— Ладить — это лечить?
— Лечить. Но лечение такое не связано с травами и снадобьями. Тако лечение связано с наговорами и особыми приметами, каки передаются по родове: готовится, к примеру, бабка помереть, загодя знание свое передает дочери. Та в свой срок передает своей дочери. И дале из поколения в поколение. Знание идет по женской линии, но быват, пользуют его и мужчины, особенно старики.
— Ты, отец, что-нибудь из того знания запомнил?
— Так, малость.
— К примеру?
— Помню, как она заговаривала больной зуб.

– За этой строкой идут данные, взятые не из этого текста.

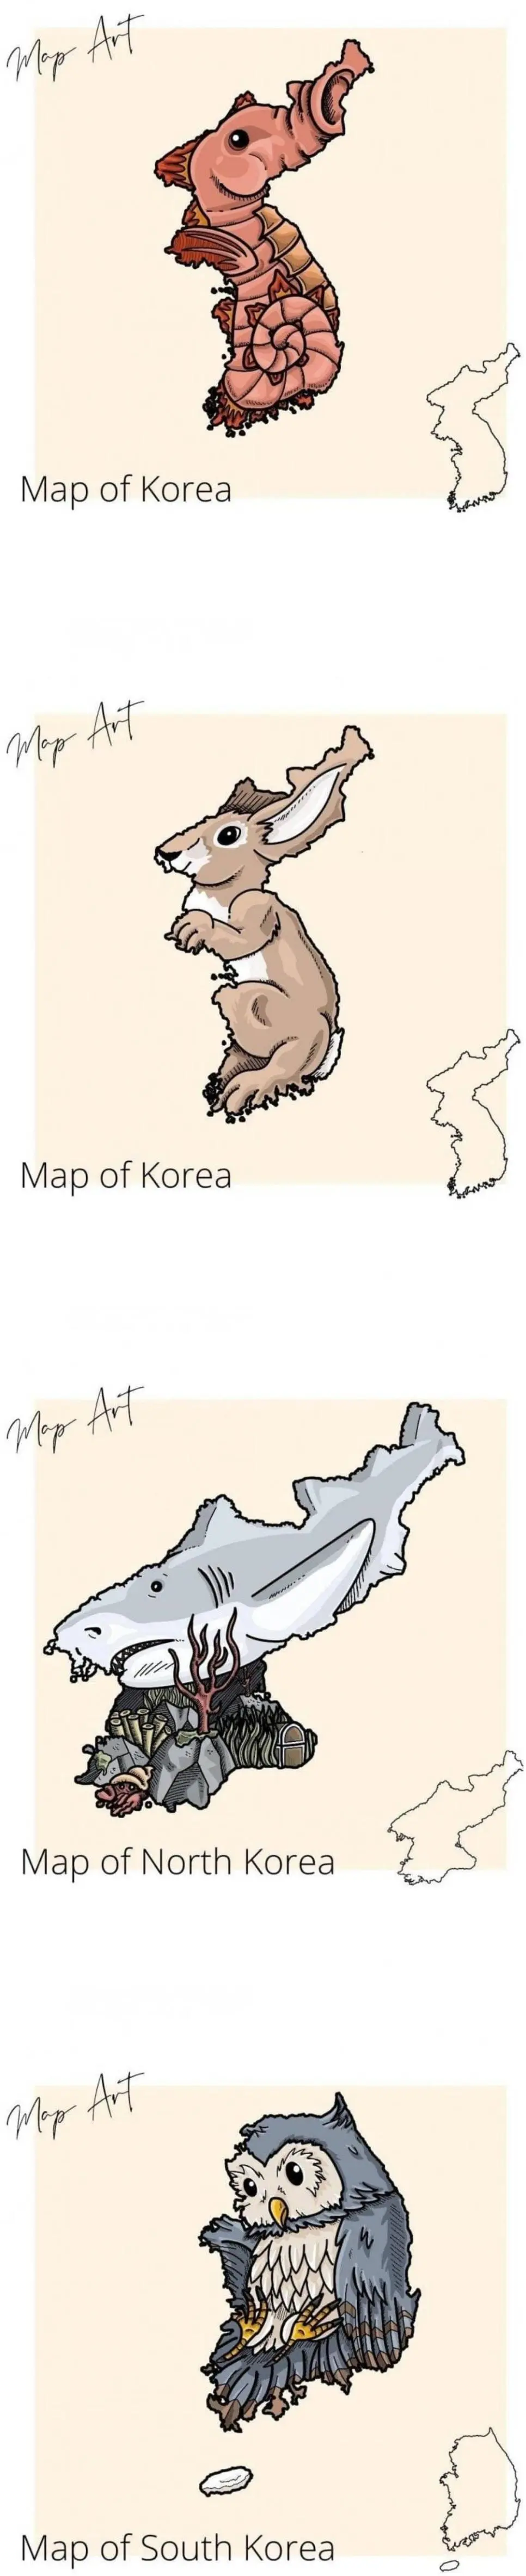 외국에서 본 한국의 국토 모양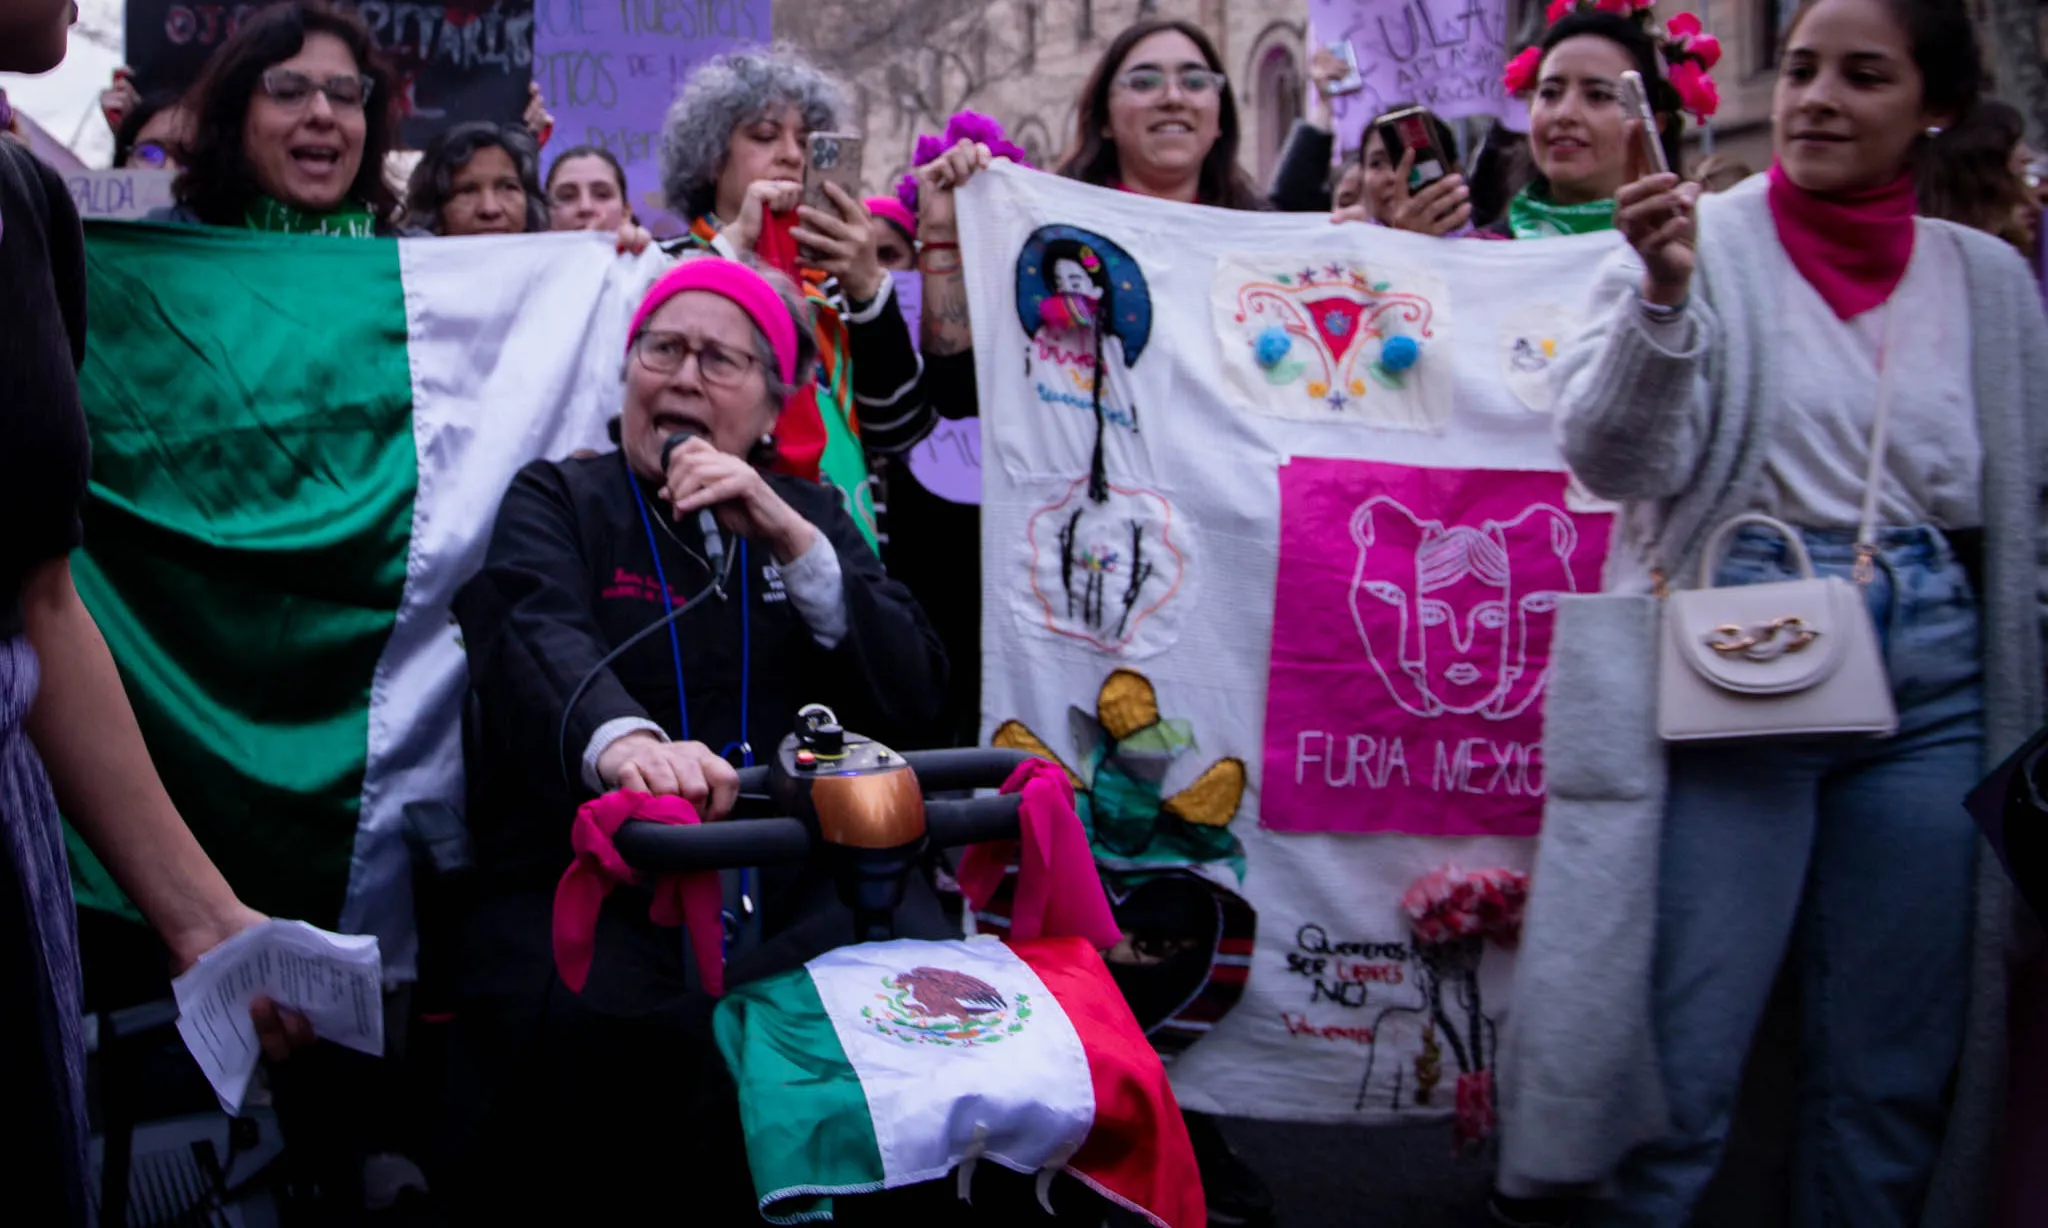 Algunes membres de Furia Mexicana durant la marxa del 8 de març a Barcelona.

На народившийся месяц выводила в сумерках во двор, ставила лицом к месяцу и наказывала повторять за собой. Заговор же был такой:
«Месяц, месяц молодой,
Месяц бравый дорогой,
Где ты был-побывал,
Чего видел-повидал?»
«Был среди густой травы,
Был и выше головы,
Видел зрячих и слепых,
Видел мертвых и живых.
Чего просишь у меня, раб Божий Данила?»
«Как у мертвых зубы не болят, так пускай и у меня не болят».
Повторить надо было, глядя на месяц, три раза. И так три дня подряд.
— И помогало?
— Помогало, наверно. Не помню. Иль, к примеру, ежели ребенок долго мочился в постель, то выводила его на молодой же месяц и после заговора приказывала помочиться в притвор калитки. А в опчем, пустяки все это.
— Почему пустяки? В пустяках этих опыт сотен поколений. И ты, отец, интересно рассказываешь. У вас — видишь, как: дом передали дальней родне. За просто так: передали и — все. Или связь людей с животными… Мне бы в голову никогда не пришло, что собаки и кошки могут так чувствовать хозяйку — вообще хозяина. Это ж удивительно. Или вот ты сказал, что до Корбоя тропами по тайге — два дня хода. Сколько это в километрах и что значит — хода?
— Я думаю, что километров восемьдесят. Но в тайге ход особый. Там, в таежных глухоманях, нет ровных дорог: то колдобина, то болотина, то трава по пояс, то взгорье, то низина. Опять же тропы чаще звериные — неоткуда взяться человеческим. Идешь, не задерживаясь, безостановочно. Тока чаю попить где-нибудь у ручья и встанешь.
Николай слушал и влюблялся в отца все больше и больше. Он понимал, что такой цельный человек не мог за просто так оставить семью, забыть о сыне, о матери своего ребенка. Дивился и тому, что судьба развела их на столько лет и не подала за эти многие годы ни единого знака, какого мало-мальского намека — ни им с матерью, ни отцу его Даниле Афанасьевичу, что живы, ждут, любят эти три человека друг друга. Что дорожат самой малой вещной памятью, каковая сбереглась в виде ли единственной фотографии молодого Белова, в виде ли пусть чужой, но такой близкой и родной гармони, ведь точно на такой же игрывал он — ни муж, ни отец, но гораздо более того — любимый ими обоими человек.